И действительно, утро восьмого ноября 196… года более чем подтверждало такие предчувствия. Оно размывалось над вымершим городом и аморфно оплывало тяжкими языками старых петербургских домов, словно дома эти были написаны разбавленными чернилами, бледнеющими по мере рассвета. И пока утро дописывало это письмо, адресованное когда-то Петром «назло надменному соседу», а теперь никому уже не адресованное и никого ни в чем не упрекающее, ничего не просящее, — на город упал ветер. Он упал так плоско и сверху, словно скатившись по некой плавной небесной кривизне, разогнавшись необыкновенно и легко и пришедшись к земле в касание. Он упал, как тот самолет, налетавшись… Словно самолет тот разросся, разбух, вчера летая, пожрал всех птиц, впитал в себя все прочие эскадрильи и, ожирев металлом и цветом неба, рухнул в касание. На город спланировал плоский ветер, цвета самолета. Детское слово «Гастелло» — имя ветра.
Он коснулся улиц города, как посадочной полосы, еще подпрыгнул при столкновении где-то на Стрелке Васильевского острова и дальше понесся сильно и бесшумно меж отсыревших Домов, ровно по маршруту вчерашней демонстрации. Проверив таким образом безлюдье и пустоту, он вкатился на парадную площадь, и, подхватив на лету мелкую и широкую лужу, с разбегу шлепнул ею в игрушечную стенку вчерашних трибун, и, Довольный получившимся звуком, влетел в революционную подворотню, и, снова оторвавшись от земли, взмыл широко и круто вверх, вверх… И если бы это было кино, то по пустой площади, одной из крупнейших в Европе, еще догонял бы его вчерашний потерянный детский «раскидайчик» и рассыпался бы, окончательно просырев, лопнул бы, обнаружив как бы изнанку жизни: тайное и жалостное свое строение из опилок… А ветер расправился, взмывая и торжествуя, высоко над городом повернул назад и стремительно помчался по свободе, чтобы снова спланировать на город где-то на Стрелке, описав таким образом нестеровскую петлю…

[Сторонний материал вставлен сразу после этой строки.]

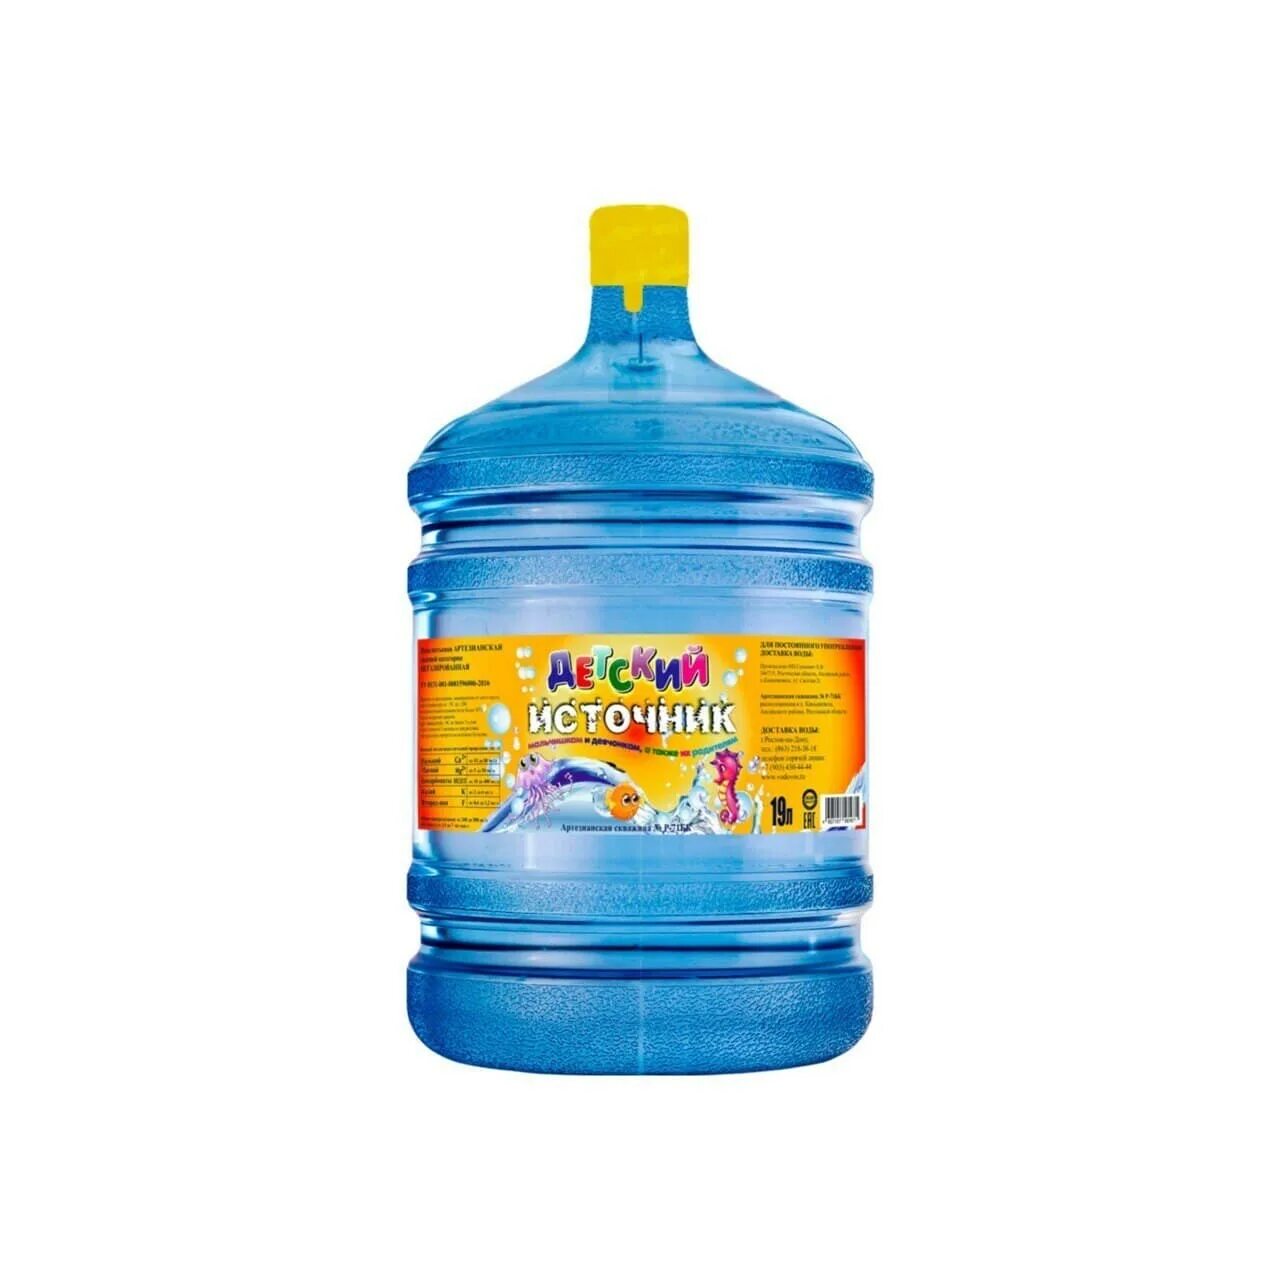 1 вода 19 литров. Вода 19 литров. Детская вода 19 литров. Вода детская 19 литров с доставкой. Название воды в бутылках 19 литров.

Так он утюжил город, а следом за ним, по лужам, мчался тяжелый курьерский дождь, по столь известным проспектам и набережным, по взбухшей студенистой Неве со встречными рябеющими пятнами противотечений и разрозненными мостами; потом мы имеем в виду, как он раскачивал у берегов мертвые баржи и некий плот с копром… Плот терся о недобитые сваи, мочаля сырую древесину; напротив же стоял интересующий нас дом, небольшой дворец — ныне научное учреждение; в том доме, на третьем этаже, хлопало распахнутое и разбитое окно, и туда легко залетал и дождь и ветер…
Он влетал в большую залу и гонял по полу рассыпанные повсюду рукописные и машинописные страницы — несколько страниц прилипло к луже под окном… Да и весь вид этого (судя по застекленным фотографиям и текстам, развешанным по стенам, и по застекленным же столам с развернутыми в них книгами) музейного экспозиционного зала являл собою картину непонятного разгрома. Столы были сдвинуты со своих, геометрией подсказанных, правильных мест и стояли то там, то сям, вкривь и вкось, один был даже опрокинут ножками вверх, в россыпи битого стекла; ничком лежал шкаф, раскинув дверцы, а рядом с ним, на рассыпанных страницах, безжизненно подломив под себя левую руку, лежал человек. Тело.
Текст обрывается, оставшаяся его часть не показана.